This session is scheduled for 3:30-4:20 in the Hirshon Suite (205), 55 W. 13th Street
The report of MOOCs’ death was an exaggeration. They may no longer be featured in the Times on a weekly basis and some companies (cough … Udacity … cough) may have abandoned their original missions to provide free education. But hundreds of universities on dozens of platforms continue to offer thousands of courses. And enrollments totals have entered the tens of millions (usual caveats about “completion” still apply). While the hype around MOOCs has died down, their continued, indeed, strengthened presence means we must continue to pay them mind. In fact, it may be more important than ever for the humanities to critically consider the present and future of MOOCs as administrations start seeking concrete evidence of return on (an often large) investment.

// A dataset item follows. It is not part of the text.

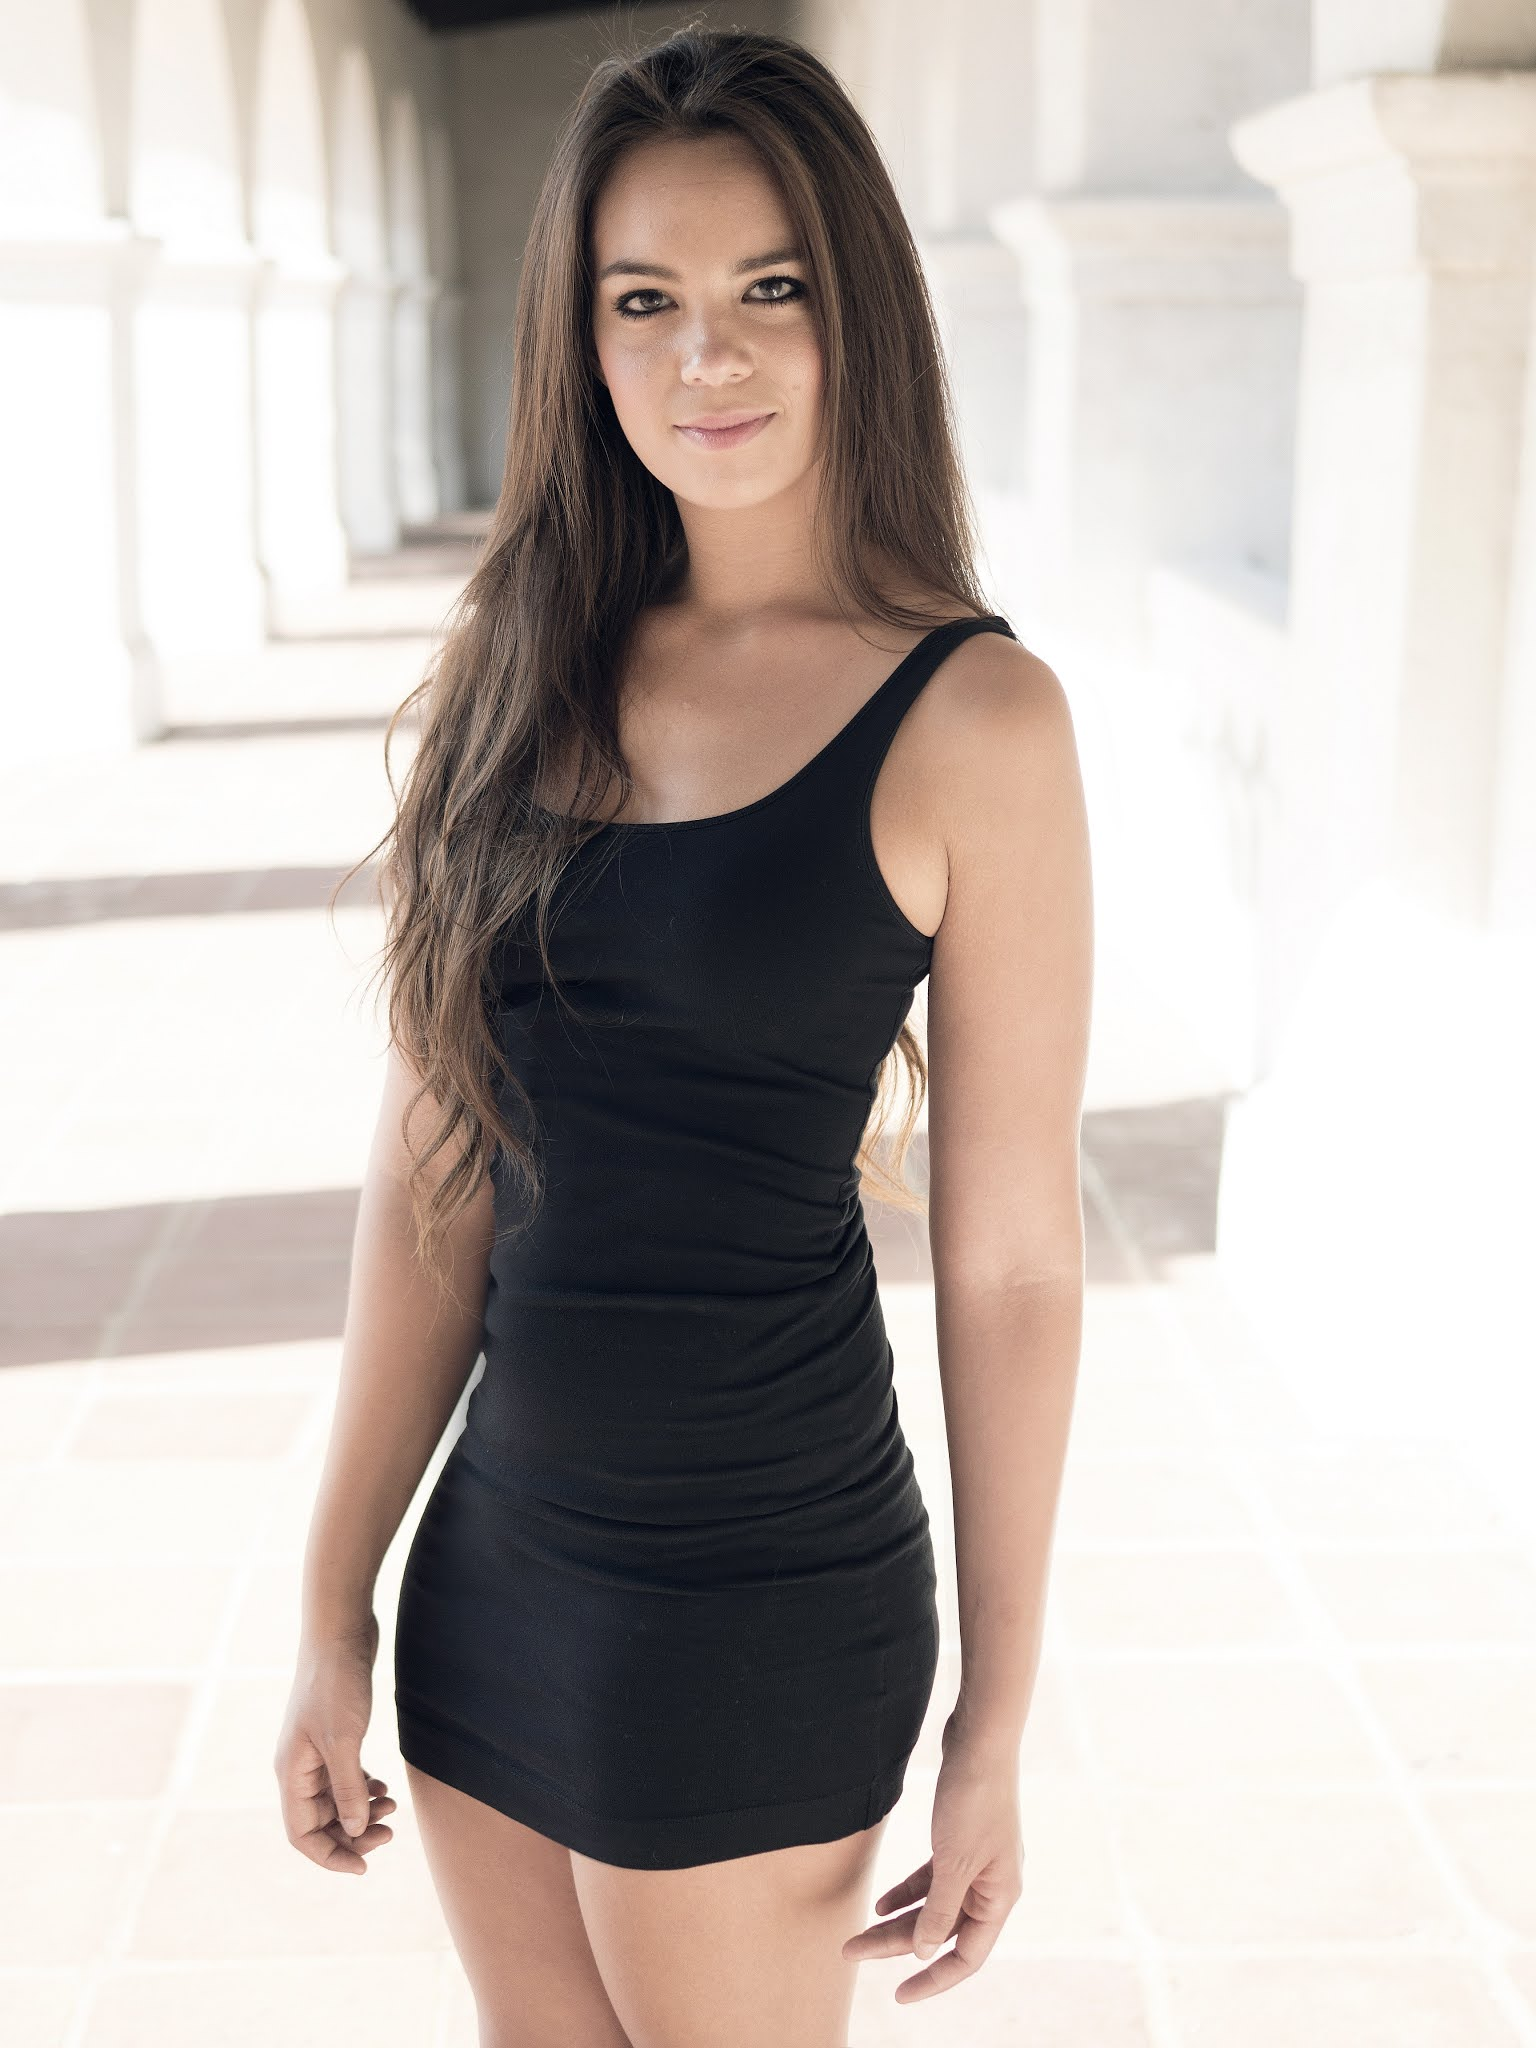 secret woman body facts

In this session, I’d like to consider a burgeoning trend in MOOCs as they enter their latest phase: the push toward specialization(s). In 2014, Coursera introduced series of courses–dubbed
Specializations–that
promised to teach “marketable” skill sets in the most popular fields. Conspicuously absent from these tracks was the humanities. Of Coursera’s initial 18 and current 27 specializations, zero came from disciplines or interdisciplines in the humanist fields.
Think what you will of MOOCs, but I am dismayed (if not surprised) by the humanities’ absence from this new evolution in massive, open courses and suspect many of you, too, see it as troublesome. To address this trend, I propose that we discuss strategies for future participation in or conscious resistance of specialization(s). I see this session as an opportunity to think through the skill sets and specialties the humanities have to offer (they are many, I believe) and the promises and pitfalls of participating in structured series of MOOCs may mean for the field–especially given that this turn is unabashedly driven by promoting fee-generating “verified” certificates. While this session will start as a discussion, I hope it can plant the seeds for a collaborative, written strategy document–a white paper, perhaps.